Shortly after the Sheriff had taken appellant into custody a cash bond was placed with the Clerk of the Circuit Court. It appears to be undisputed that the $6,000.00 in cash was given to the Clerk by one Mona Lieberman, who is a sister-in-law of the appellant. The Clerk of the Circuit Court at the time he accepted the $6,000.00 in cash gave to Mona Lieberman an instrument in writing, in words and figures as follows:

"Know All Men By These Presents;

That the undersigned as Principal, jointly and severally, are held and firmly bound unto the Governor of the State of Florida and his successors in office, in the sum of $6,000.00 only, for the payment whereof well and truly to be made each binds himself, his heirs, executors and administrators, firmly by these presents; and, simultaneously with the execution of this Bond, the said Principal have deposited with the Clerk of the above styled court, in cash, a sum of money equal to that for which the said Principal are herein bounden, which said sum of money was, by the said Principal, deposited with the said clerk as a cash bond, pursuant to the provisions of section 8334 of the Compiled General Laws of the State of Florida, 1927.

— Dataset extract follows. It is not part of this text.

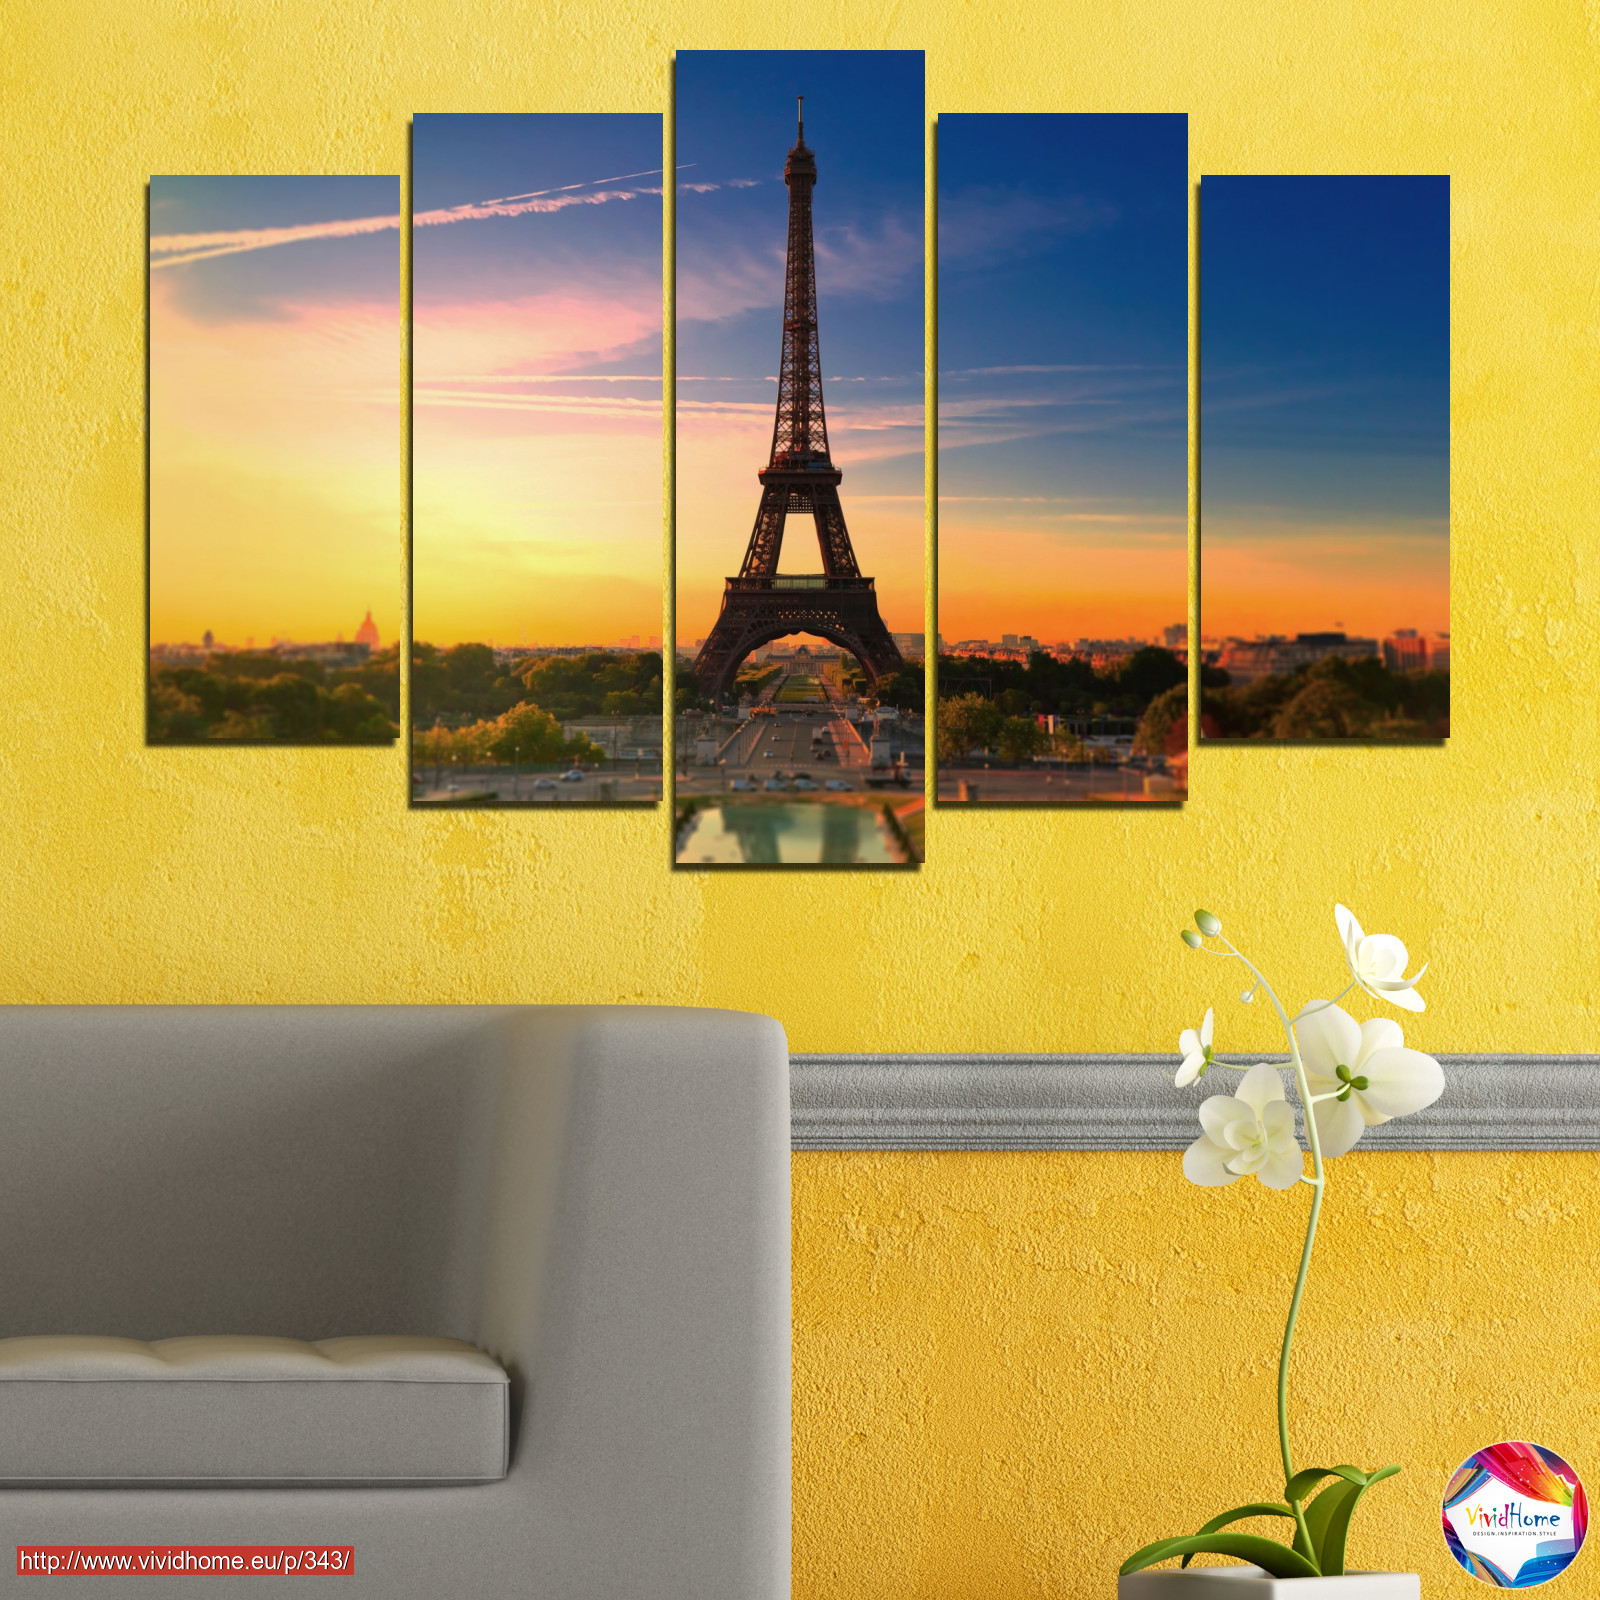 Sunset, Sky, Eiffel tower, Paris, France №0343

Signed and sealed this 9th day of October, A.D. 1948. The condition of this obligation is such that, if the above bounden principal shall appear at the Rule day in November, 1948, of the above styled Court, in and for Dade County, Florida, regular or special, to answer a Bill of Complaint for Separate Maintenance and Writ of Ne Exeat, and shall appear at said Court from day to day and term to term and time to time, and not depart the same without leave of the said Court, then this obligation shall be void, else to remain in full force and effect. It is stipulated by the said Principal that, if this bond shall be estreated, the money deposited by him with the said clerk as a cash bond, as hereinbefore recited, shall be immediately paid into the Governor of the State of Florida; but, if the said Principal shall comply with the conditions of this bond, the said money shall be returned to Mona Lieberman, only, who is hereby authorized to receive the same.

Taken before and approved by me

E.B. Leatherman (s) Joseph Lieberman (SEAL) Clerk Principal

By F.J. Gould, _______________ (SEAL) D.C. Surety

(Ct. Ct. Seal)

Specimen signature of person authorized to receive money as prescribed in this bond:

(s) Mona Lieberman"

After the posting of the $6,000.00 in cash with the Clerk of the Circuit Court, appellant Lieberman was released from custody. He later filed an answer to his wife's bill for separate maintenance and *Page 462 a counterclaim in which he prayed for a divorce.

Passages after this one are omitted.